- Data in this exercise
-- Opening Marker --
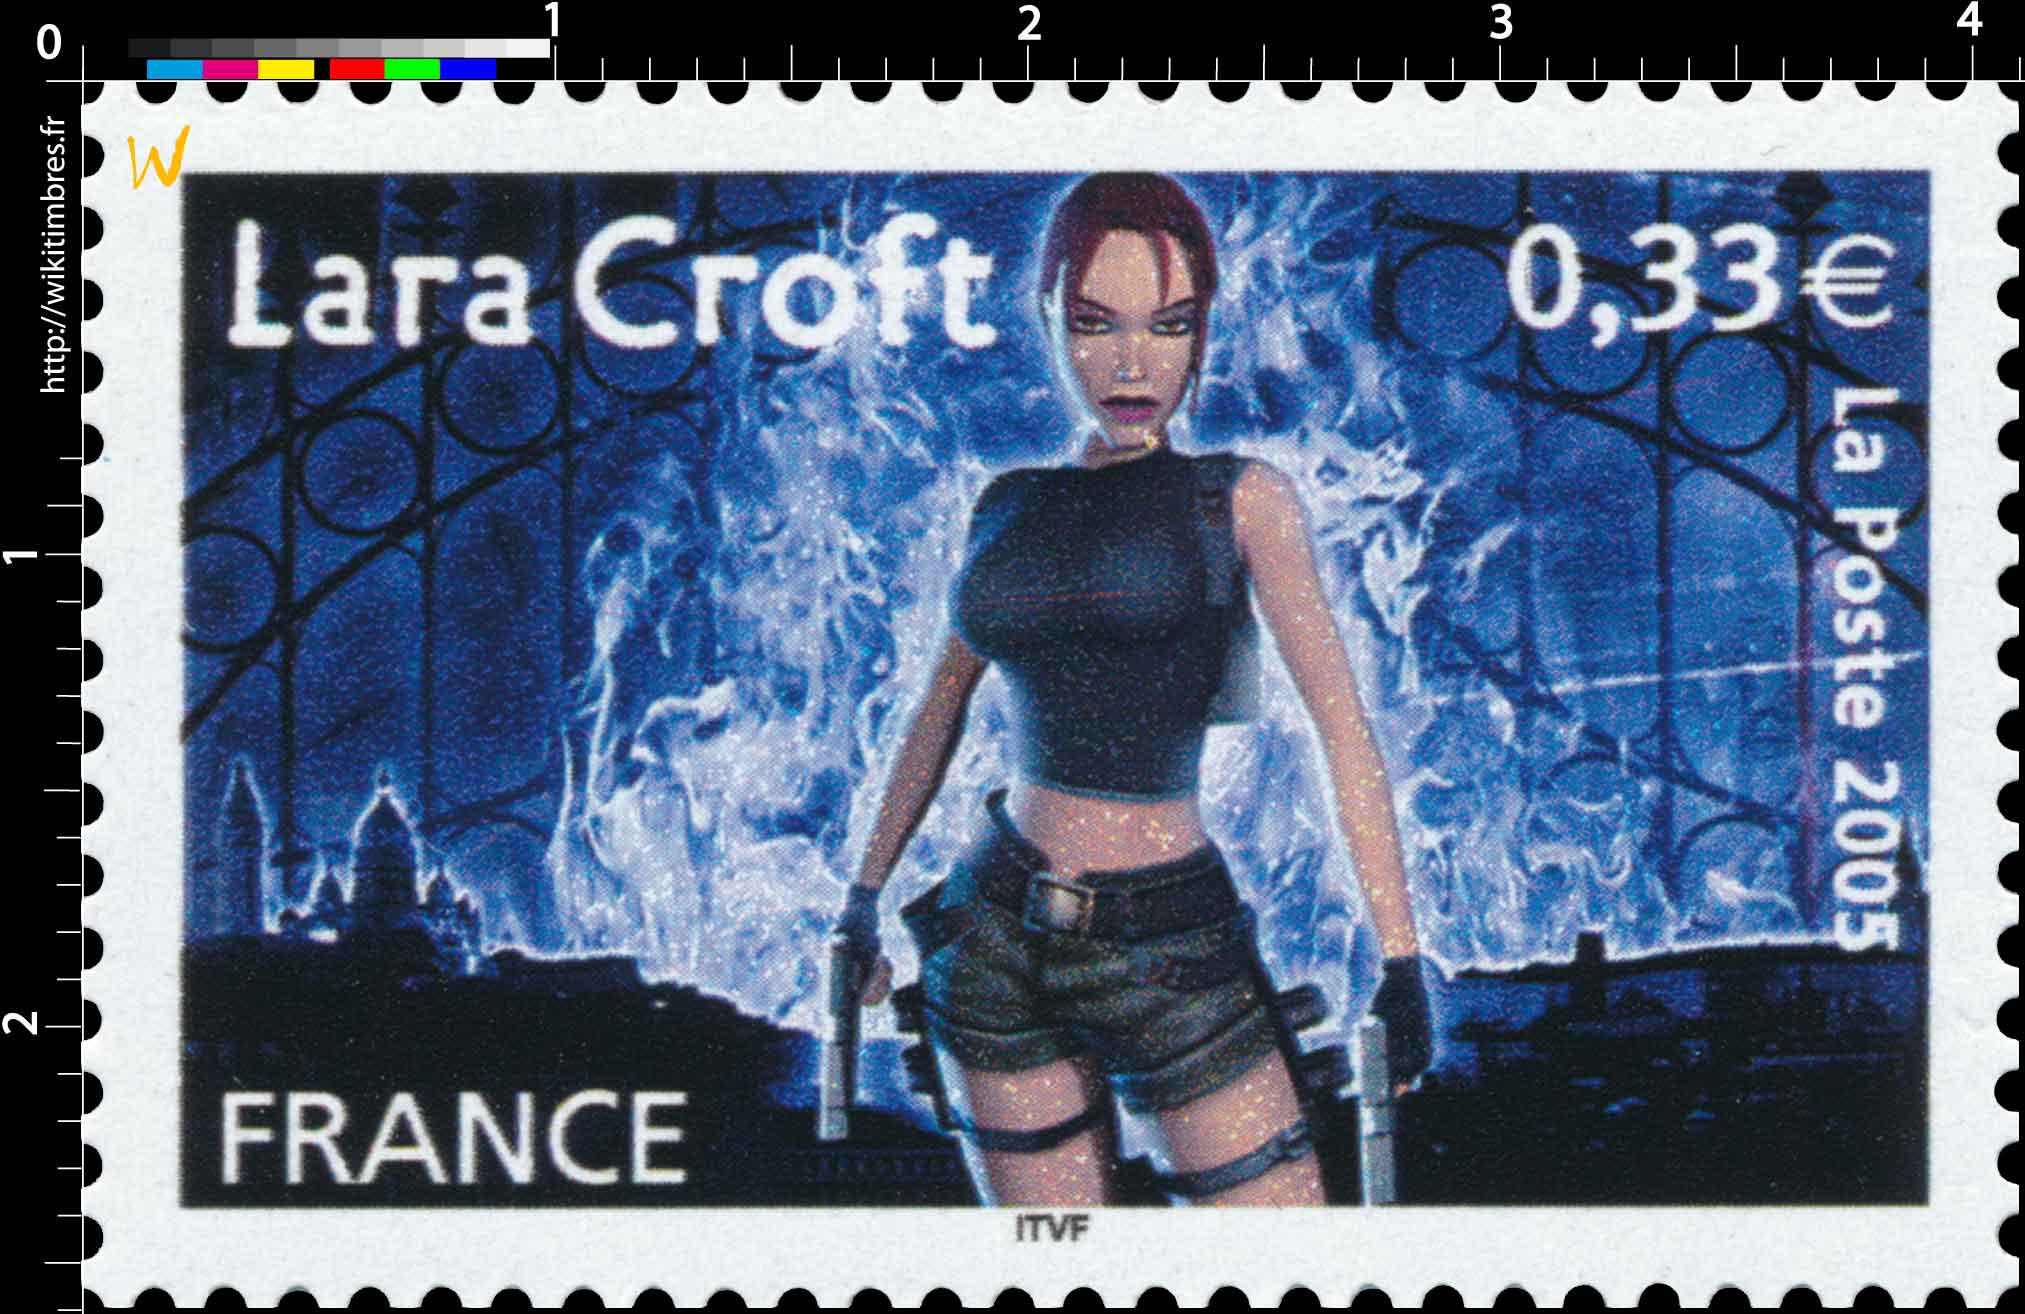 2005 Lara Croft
-- Closing Marker --
-- Opening Marker --
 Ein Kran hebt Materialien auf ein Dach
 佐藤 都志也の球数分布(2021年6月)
-- Closing Marker --
-- Opening Marker --
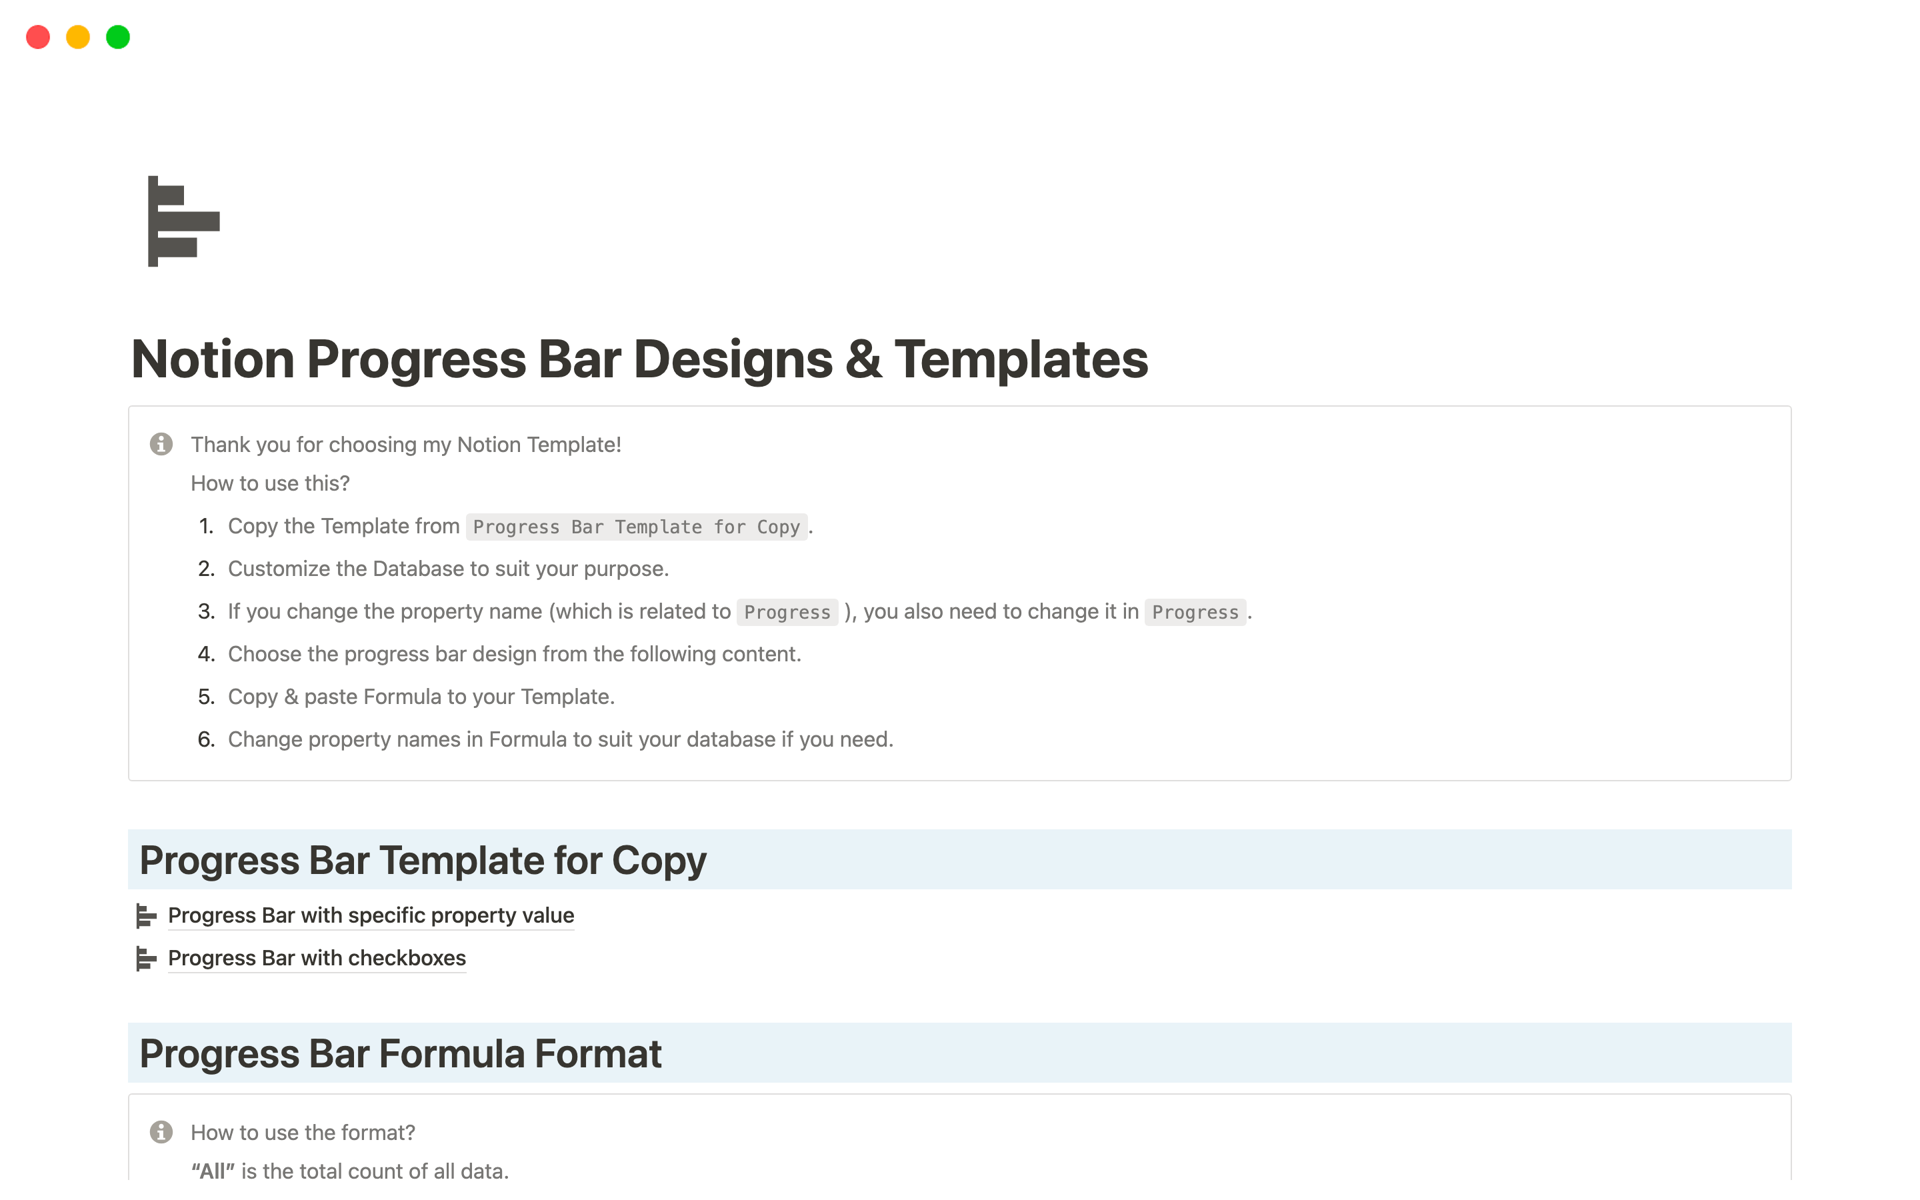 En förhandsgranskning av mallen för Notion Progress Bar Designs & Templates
-- Closing Marker --
- Problem statement
Wherever the line holding "Ein Kran hebt Materialien auf ein Dach" falls in the entries above, copy exactly from it through the line holding "佐藤 都志也の球数分布(2021年6月)", inclusive, and add nothing.

- Exercise response
 Ein Kran hebt Materialien auf ein Dach
 佐藤 都志也の球数分布(2021年6月)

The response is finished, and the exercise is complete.